__Given information__
┄┄┄┄┄┄┄┄┄┄
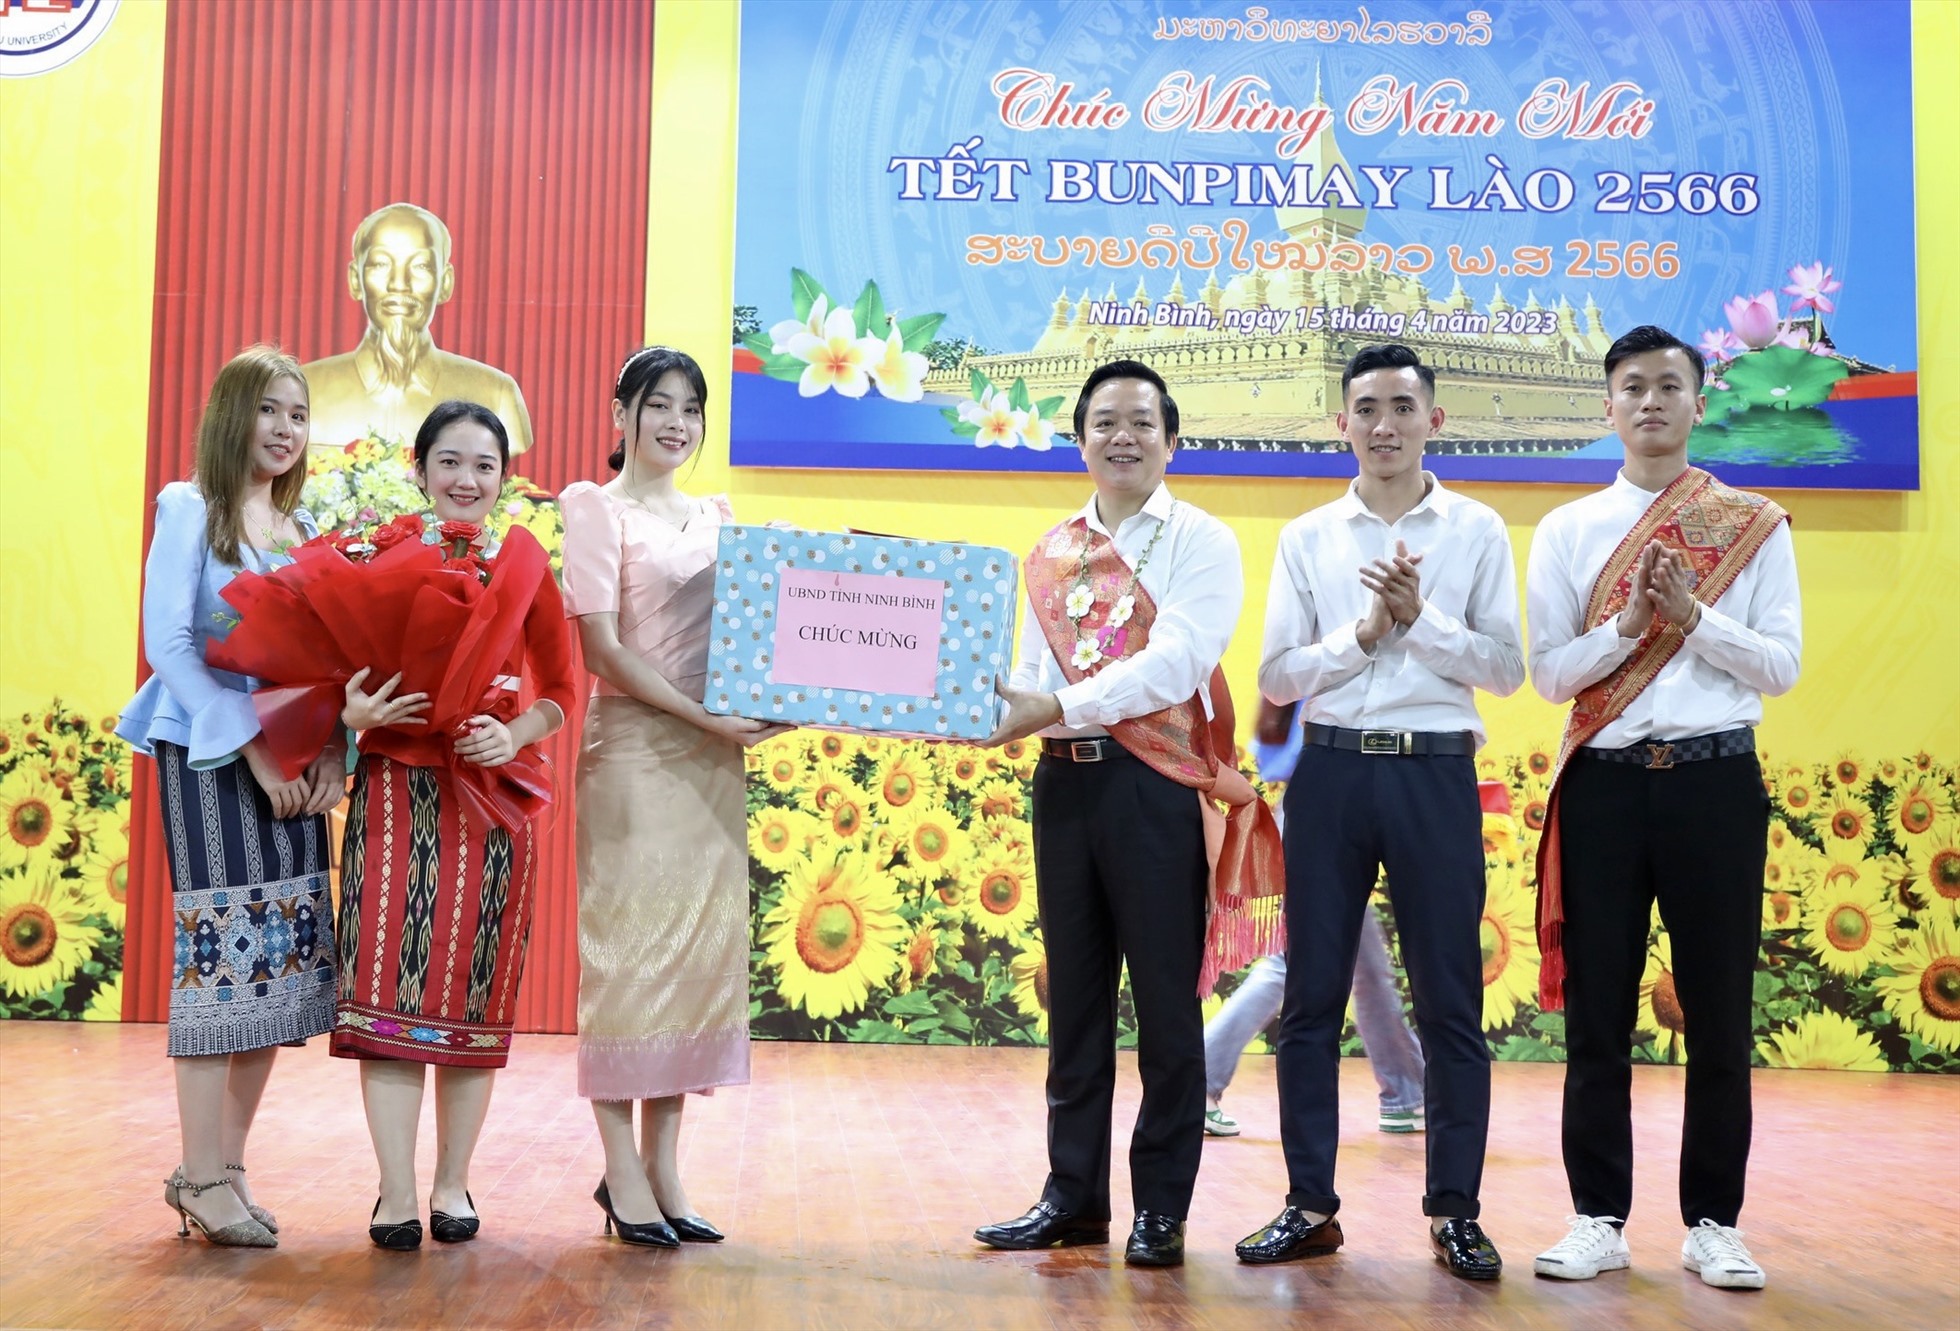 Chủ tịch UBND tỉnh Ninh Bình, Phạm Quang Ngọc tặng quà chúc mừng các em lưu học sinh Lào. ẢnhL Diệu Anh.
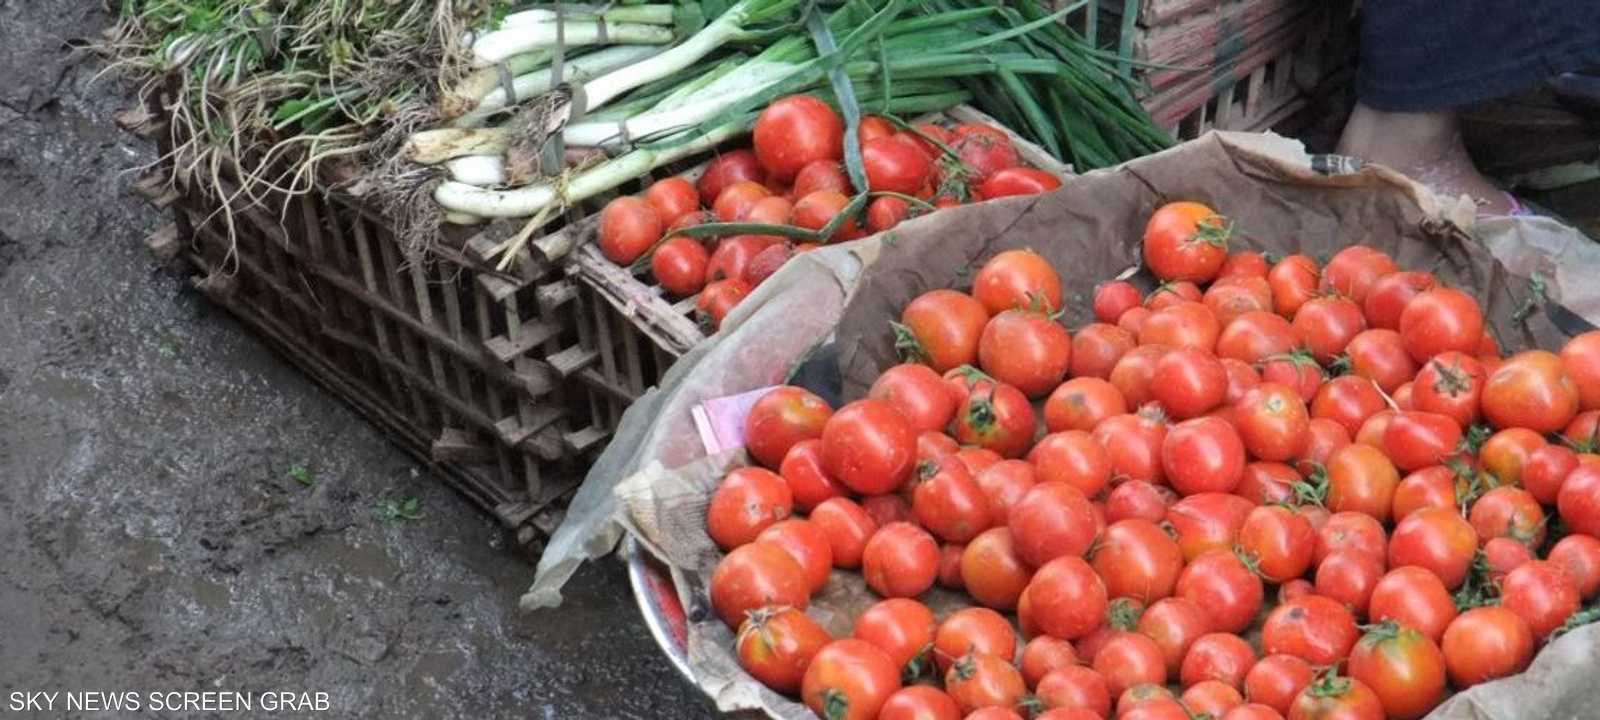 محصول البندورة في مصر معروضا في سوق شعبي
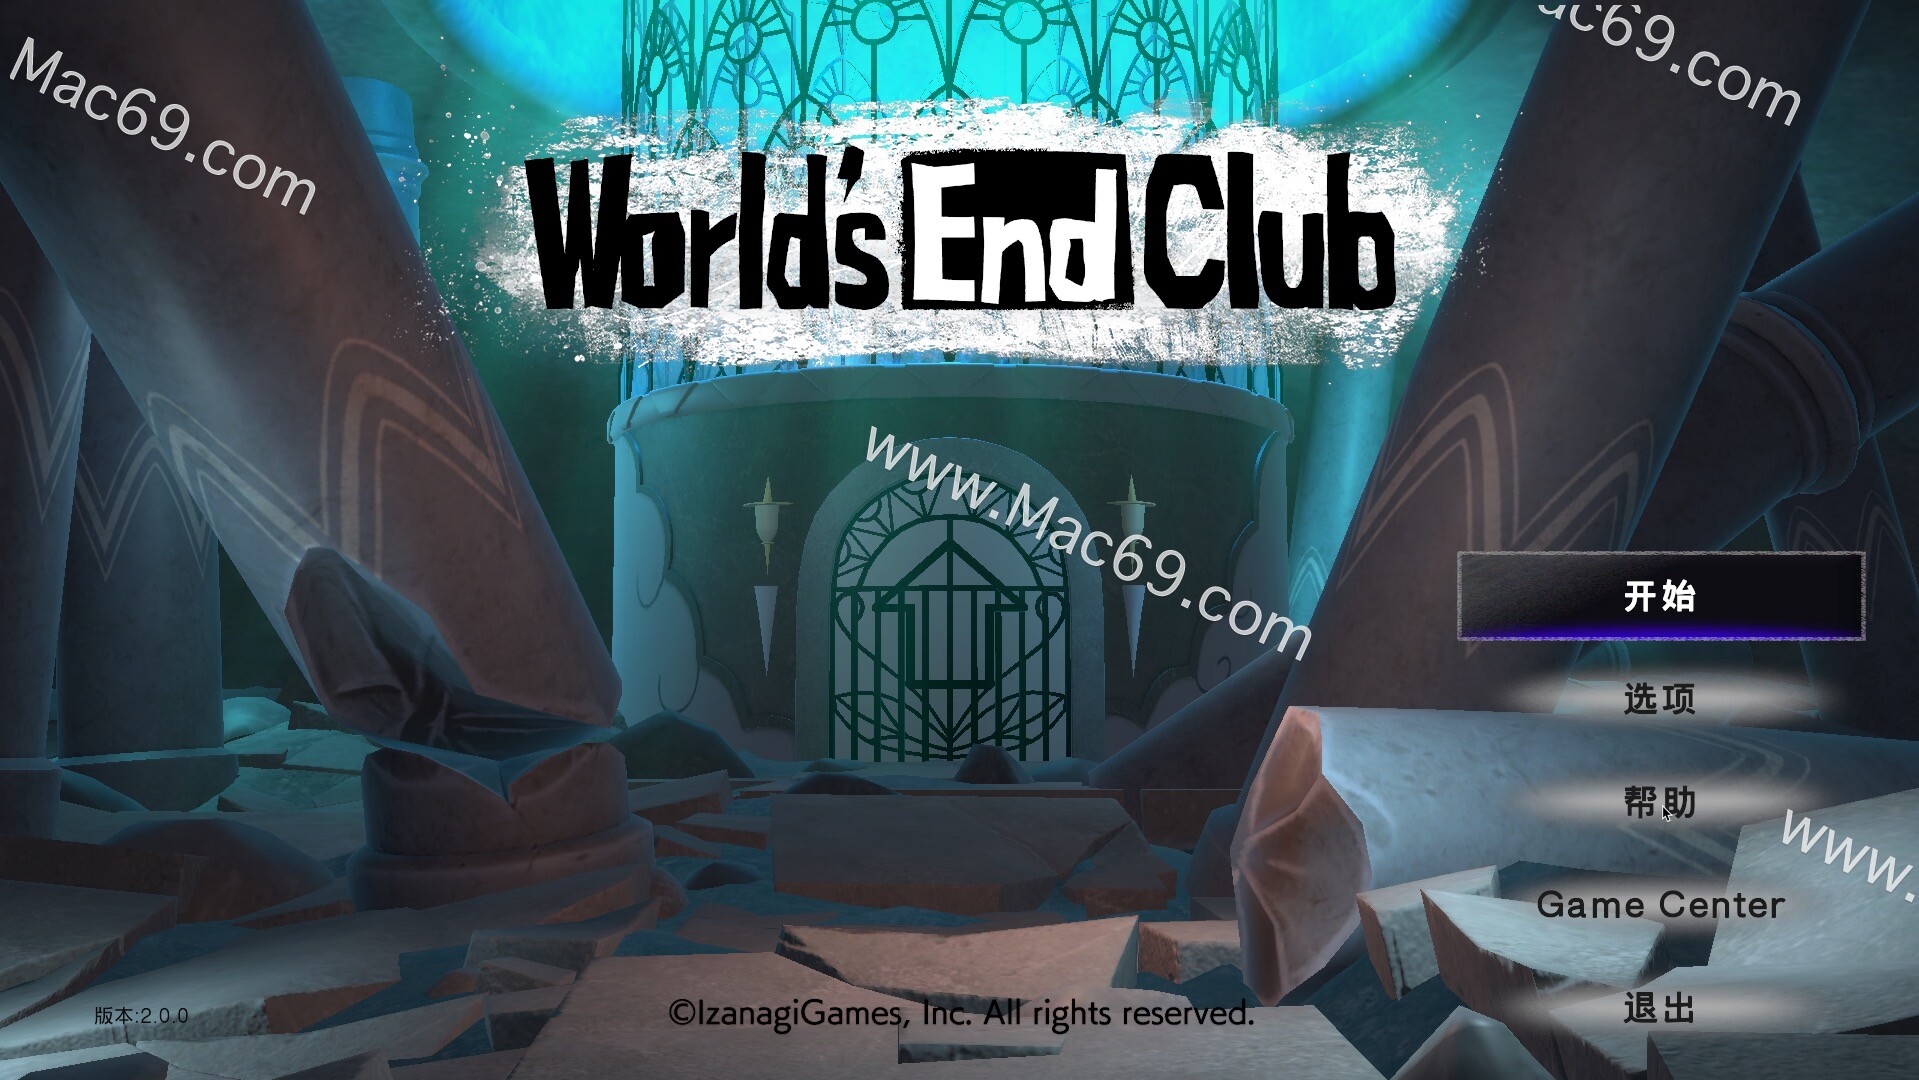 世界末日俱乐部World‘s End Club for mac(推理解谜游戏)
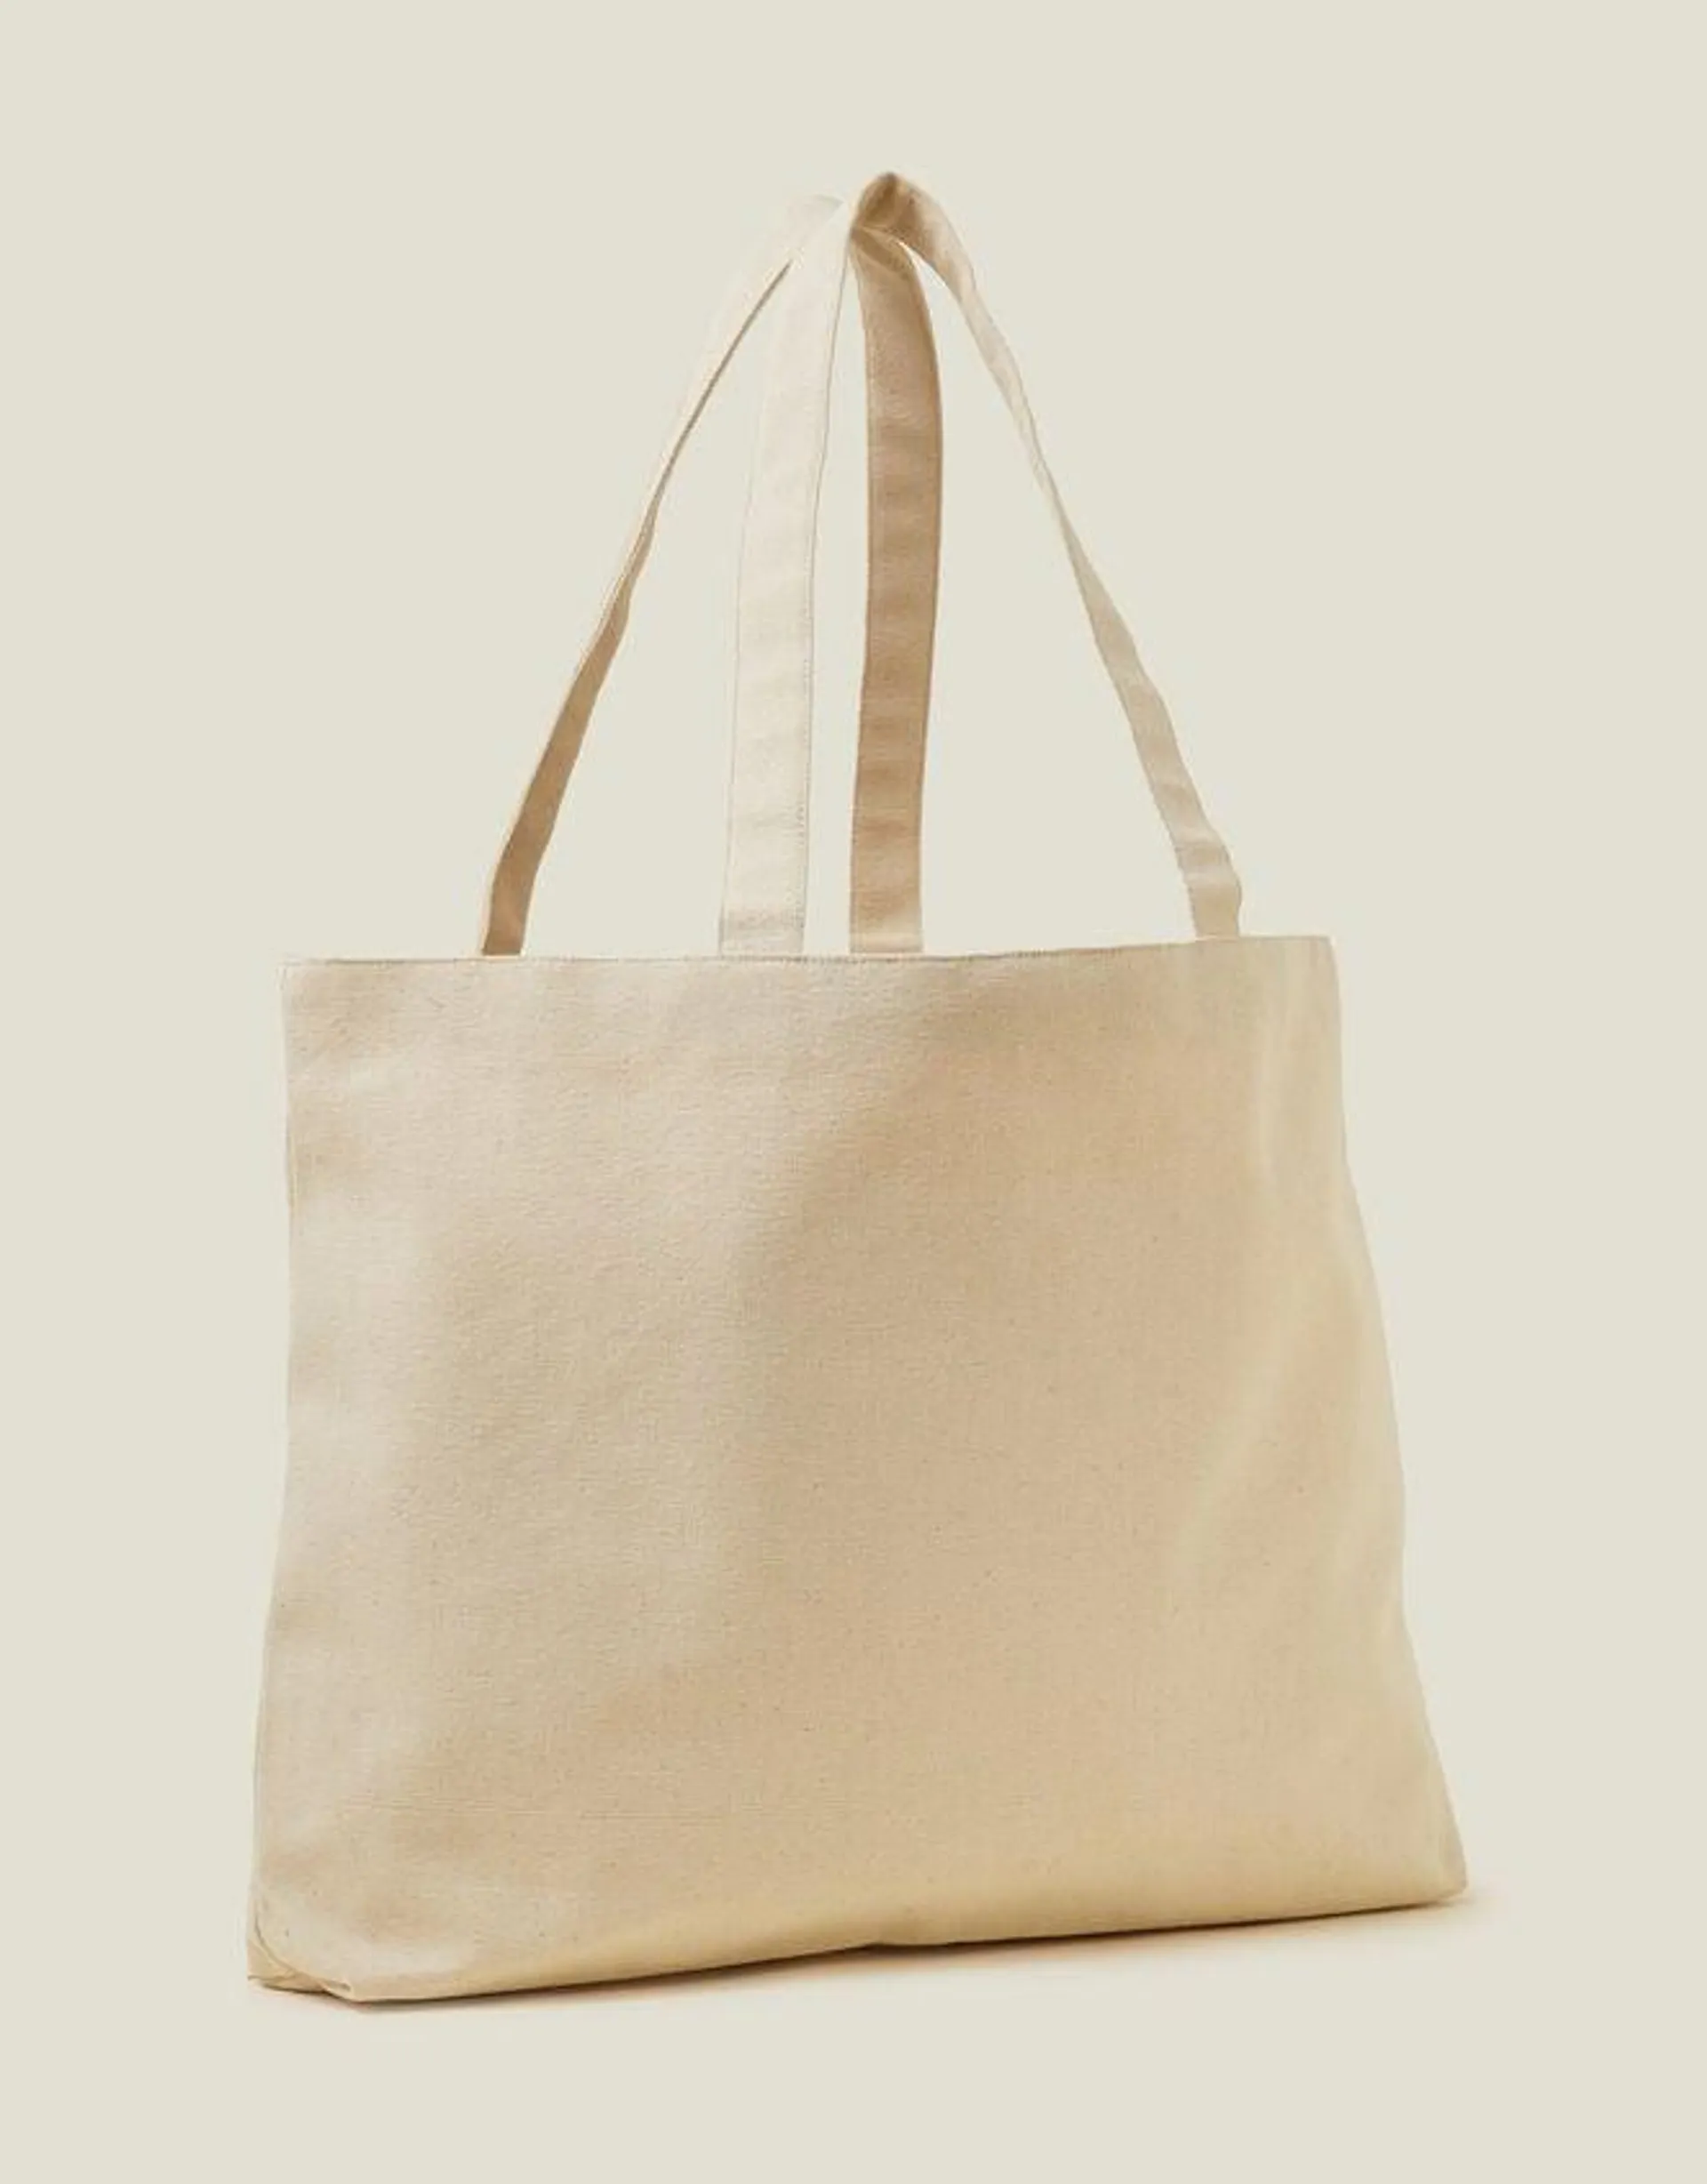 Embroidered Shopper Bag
┄┄┄┄┄┄┄┄┄┄
__Problem description__
All that the answer may contain is the exact text of the lines from the one with "محصول البندورة في مصر معروضا في سوق شعبي" through the last line of the material, pictures excluded.

__Completed exercise__
 محصول البندورة في مصر معروضا في سوق شعبي
 世界末日俱乐部World‘s End Club for mac(推理解谜游戏)
 Embroidered Shopper Bag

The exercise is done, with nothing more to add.